This question is partly motivated by observing recent discussions about corrigibility and wondering to what extent the people involved have thought about how their results might be used.
If there existed practically implementable ways to make AGIs corrigible to arbitrary principals, that would enable a wide range of actors to eventually control powerful AGIs. Whether that would be net good or bad on expectation would depend on the values/morality of the principals of such AGIs.
Currently it seems highly unclear what kinds of people we should expect to end up in control of corrigible ASIs, if corrigibility were practically feasible.
What (crucial) considerations should one take into account, when deciding whether to publish---or with whom to privately share---various kinds of corrigibility-related results?
Taking a stab at answering my own question; an almost-certainly non-exhaustive list:
Would the results be applicable to deep-learning-based AGIs?[1] If I think not, how can I be confident they couldn't be made applicable?
Do the corrigibility results provide (indirect) insights into other aspects of engineering (rather than SGD'ing) AGIs?
How much weight one gives to avoiding x-risks vs s-risks.[2]
Who actually needs to know of the results? Would sharing the results with the whole Internet lead to better outcomes than (e.g.) sharing the results with a smaller number of safety-conscious researchers? (What does the cost-benefit analysis look like? Did I even do one?)
How optimistic (or pessimistic) one is about the common-good commitment (or corruptibility) of the people who one thinks might end up wielding corrigible AGIs.

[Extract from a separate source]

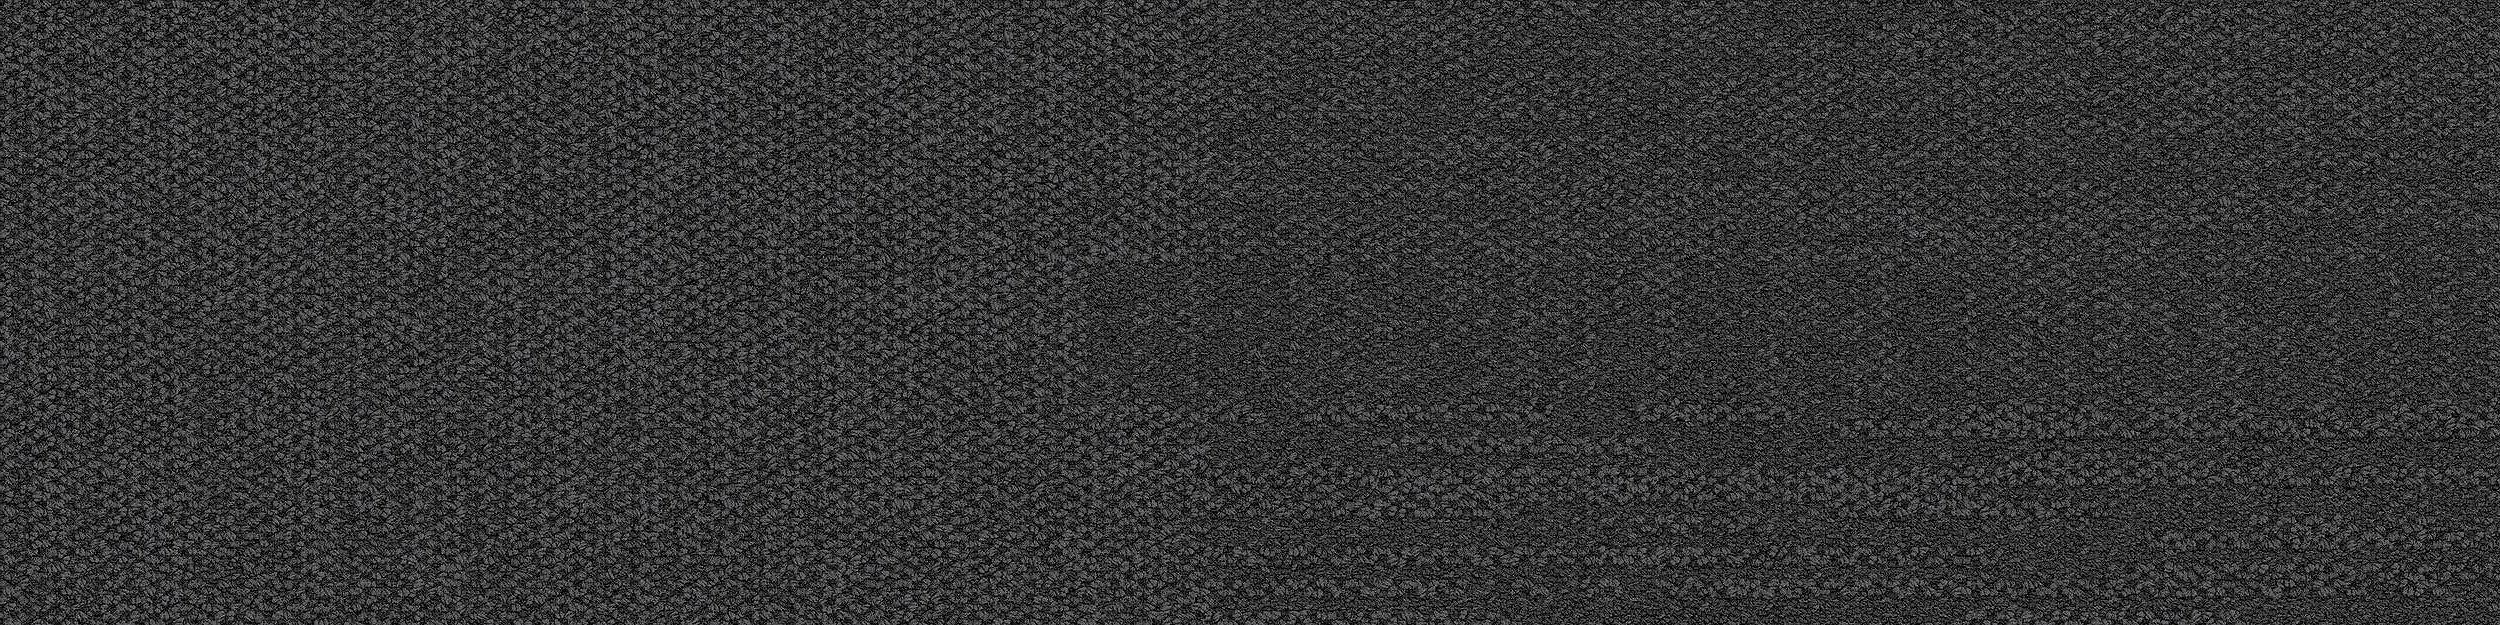 Verticals Carpet Tile In Zenith numéro d’image 12
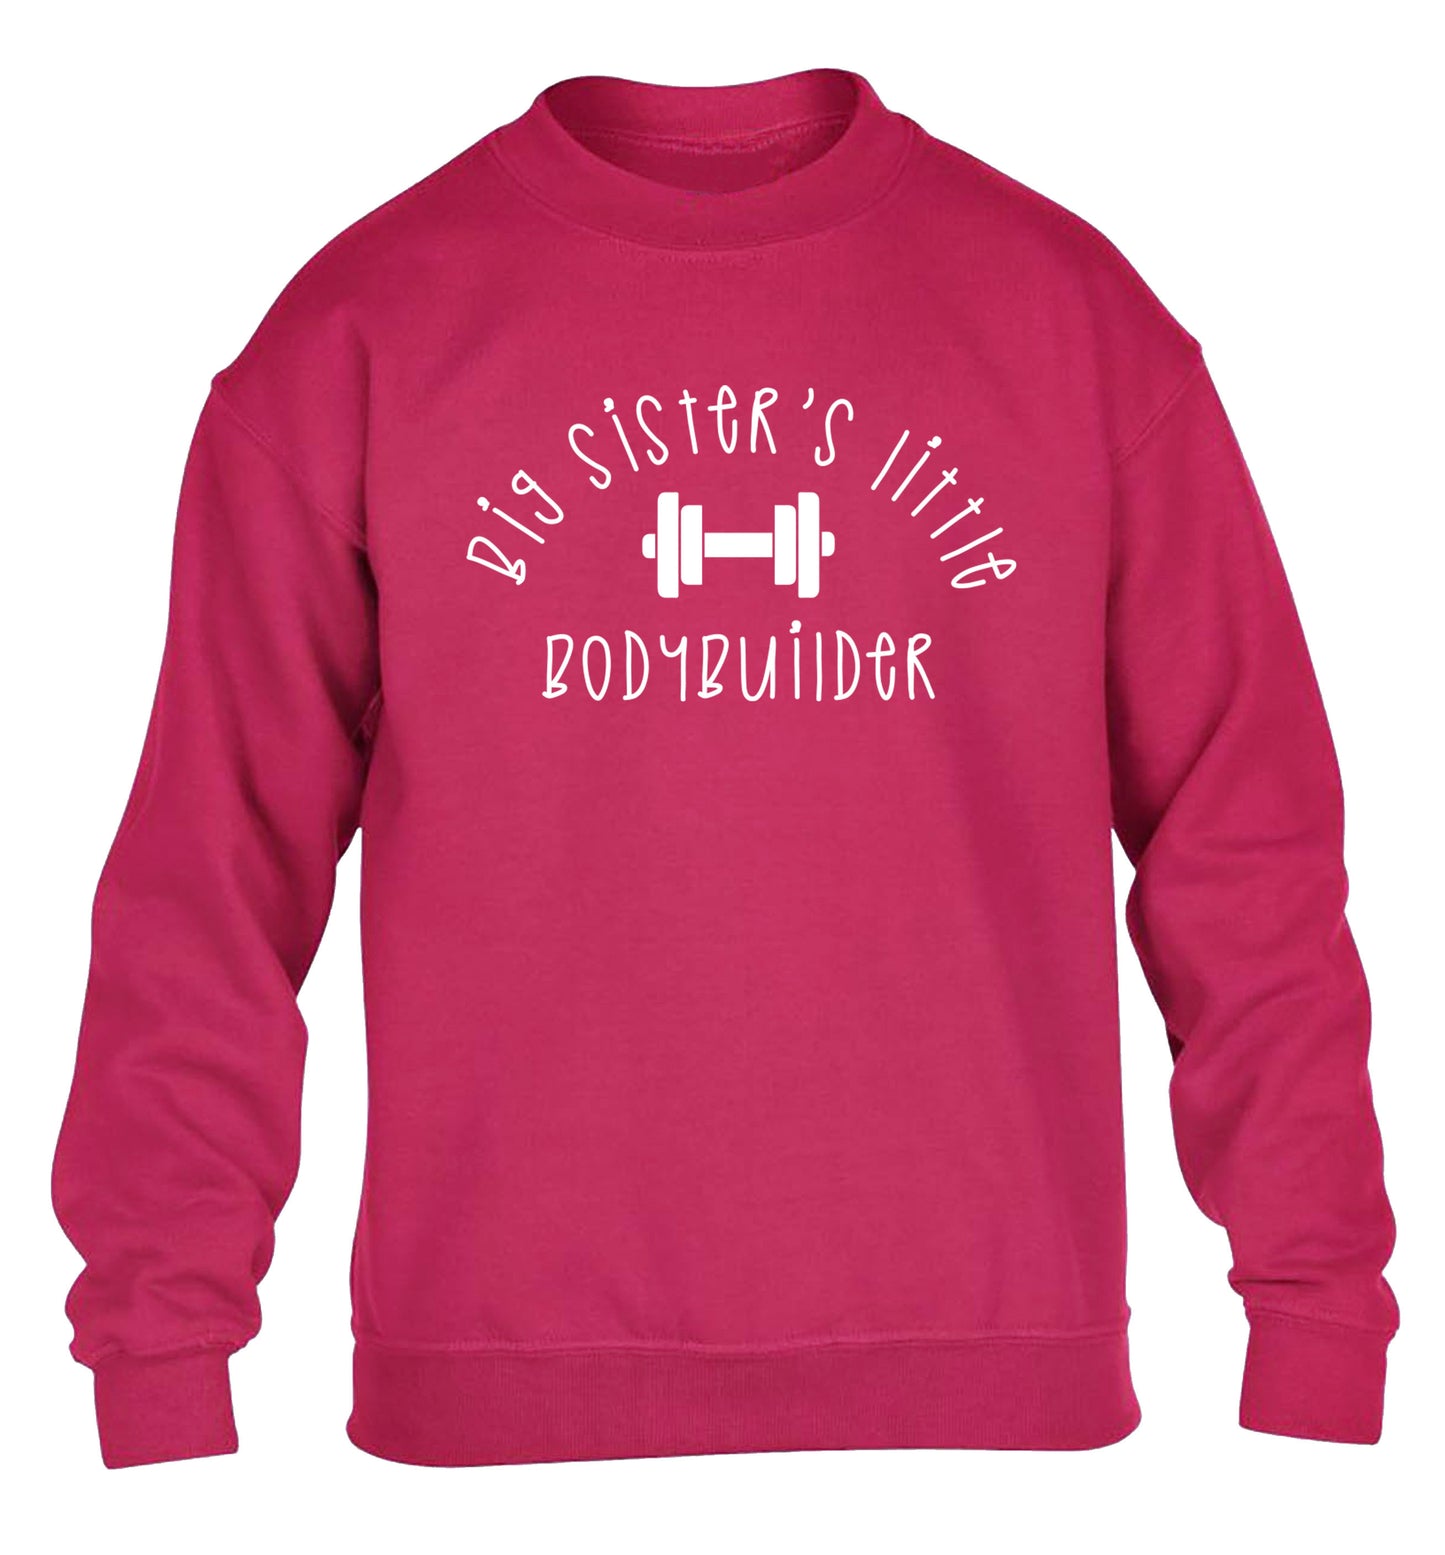 Big sister's little bodybuilder children's pink sweater 12-14 Years

Something like the True Name of corrigibility might at first glance seem applicable only to AIs of whose internals we have some meaningful understanding or control. ↩︎
If corrigibility were easily feasible, then at first glance, that would seem to reduce the probability of extinction (via unaligned AI), but increase the probability of astronomical suffering (under god-emperor Altman/Ratcliffe/Xi/Putin/...). ↩︎